Distinct Clinical Effects of Two RP1L1 Hotspots in East Asian Patients With Occult Macular Dystrophy (Miyake Disease): EAOMD Report 4

Abstract

Purpose: To characterize the clinical effects of two RP1L1 hotspots in patients with East Asian occult macular dystrophy (OMD).

Methods: Fifty-one patients diagnosed with OMD harboring monoallelic pathogenic RP1L1 variants (Miyake disease) from Japan, South Korea, and China were enrolled. Patients were classified into two genotype groups: group A, p.R45W, and group B, missense variants located between amino acids (aa) 1196 and 1201. The clinical parameters of the two genotypes were compared, and deep learning based on spectral-domain optical coherence tomographic (SD-OCT) images was used to distinguish the morphologic differences.
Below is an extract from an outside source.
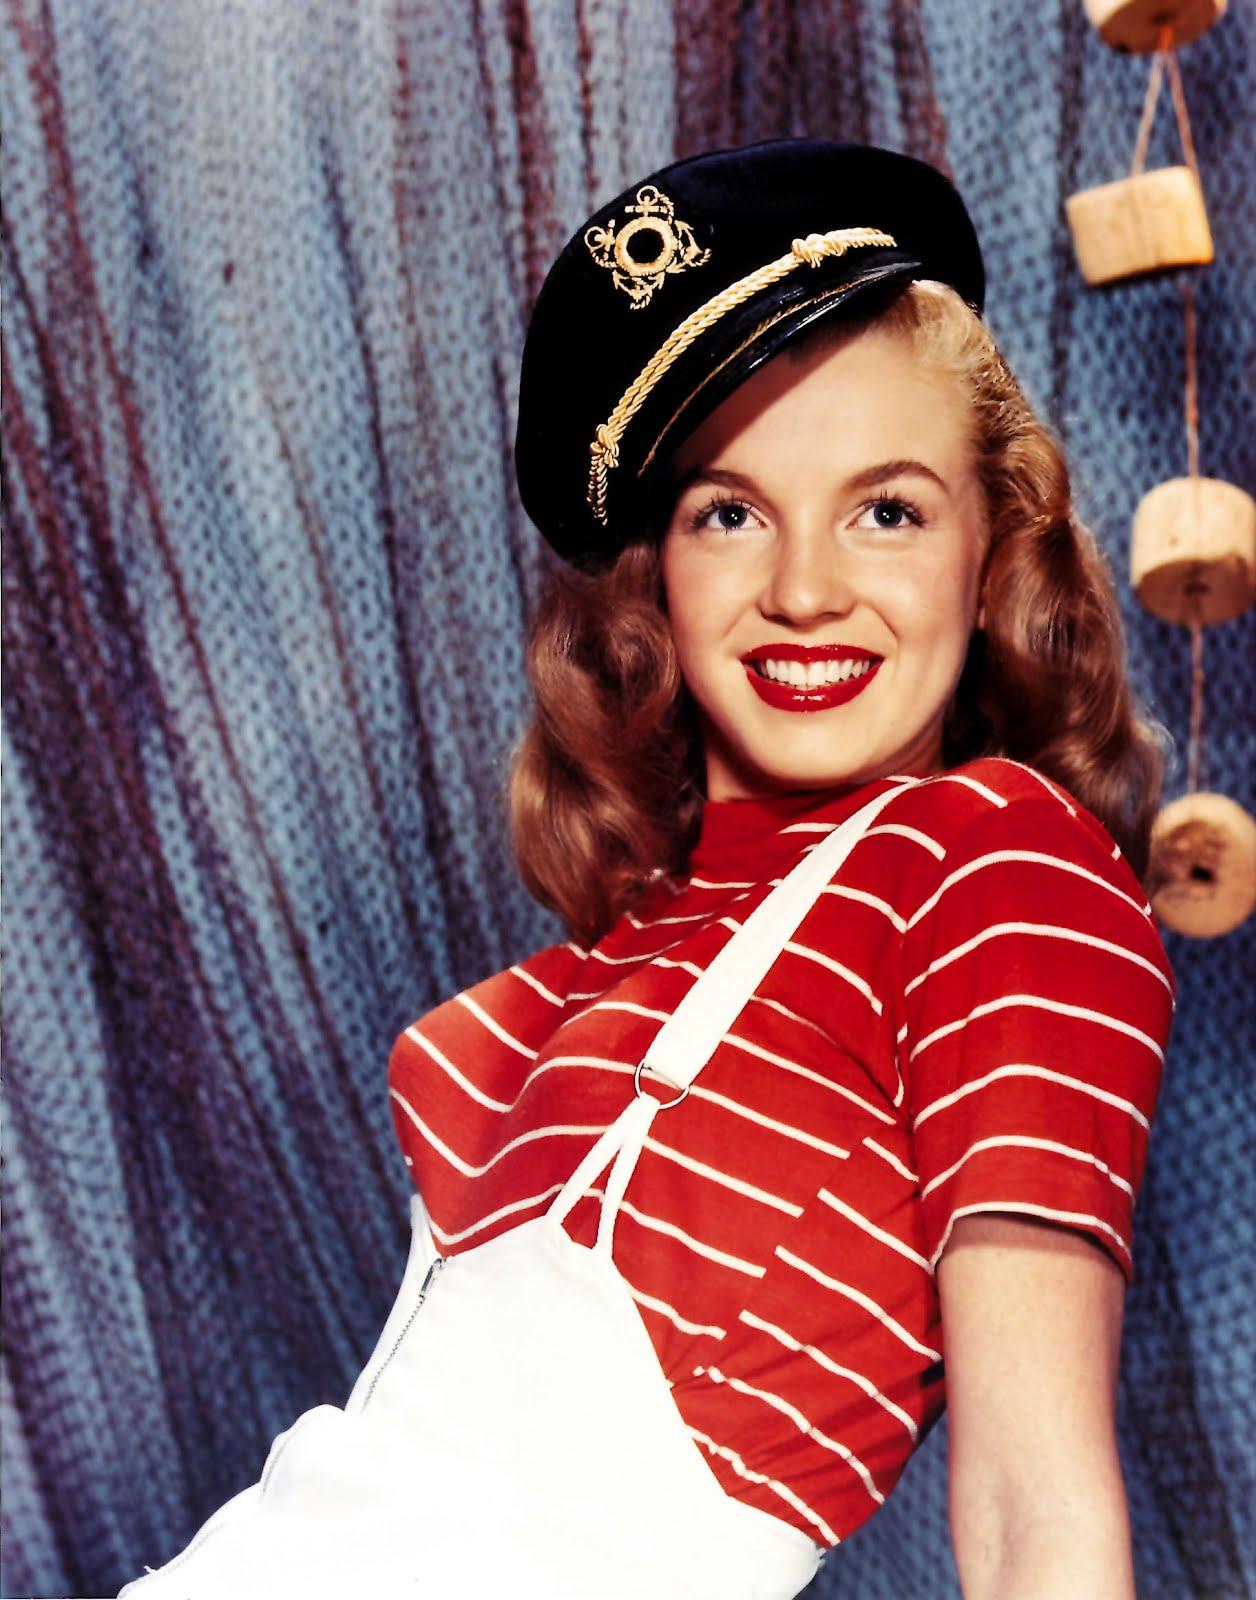 http://1.bp.blogspot.com/-r9mEzFvDP2U/TzZj4JbsA2I/AAAAAAAAMvg/D4hzV3Q_v_0/s1600/Marilyn-Monroe.jpg

Results: Groups A and B included 29 and 22 patients, respectively. The median age of onset in groups A and B was 14.0 and 40.0 years, respectively. The median logMAR visual acuity of groups A and B was 0.70 and 0.51, respectively, and the survival curve analysis revealed a 15-year difference in vision loss (logMAR 0.22). A statistically significant difference was observed in the visual field classification, but no significant difference was found in the multifocal electroretinographic classification. High accuracy (75.4%) was achieved in classifying genotype groups based on SD-OCT images using machine learning.
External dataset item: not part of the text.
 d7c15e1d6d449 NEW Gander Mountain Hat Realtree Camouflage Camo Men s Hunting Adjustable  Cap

Conclusions: Distinct clinical severities and morphologic phenotypes supported by artificial intelligence-based classification were derived from the two investigated RP1L1 hotspots: a more severe phenotype (p.R45W) and a milder phenotype (1196-1201 aa). This newly identified genotype-phenotype association will be valuable for medical care and the design of therapeutic trials.

Figure 1.

A schematic diagram of the genetic and protein structures of RP1L1, illustrating the location of the two hotspots. The positions of previously reported RP1L1 variants, encompassing both monoallelic and biallelic diseases, are displayed based on previous reports^, and protein information (ID:Q8IWN7; Uniprot; https://www.uniprot.org/; accessed January 2023). The two hotspots included amino acids 45 and 1196 to 1201.

Figure 2.

Clinical findings of two representative cases from genotype groups A and B. Fundus photographs, FAF, SD-OCT images, static VF (30 degrees), ffERG, and mfERG of two cases are presented: genotype A (19-year-old woman, onset at 16 years, LogMAR BCVA 1.00, classical SD-OCT classification, central scotoma VF pattern, group 2 mfERG classification) and genotype B (52-year-old man, onset at 47 years, LogMAR BCVA 0.30, classical SD-OCT classification, no detected scotoma VF pattern, group 2 mfERG classification).

Figure 3.

Survival curves analysis of BCVA for genotype groups A and B. Survival curves of BCVA for age are generated for genotype groups A and B in terms of two BCVA levels: (A) logMAR BCVA 0.22 and (B) logMAR BCVA 1.00. Half of the patients in genotype group A reached a BCVA level of 0.22 at age 42 years, while half of the patients in genotype group B reached that level at age 57 years. Thus, there is a 15-year difference in VA reduction between genotype groups A and B. The diagram for logMAR 1.00 shows that half of patients in genetic group A reached the VA level of 1.00 at age 57 years, while most patients (>80%) in genotype group B did not reach that severe VA level. A statistically significant difference was revealed between genotype groups A and B in terms of survival curves of BCVA.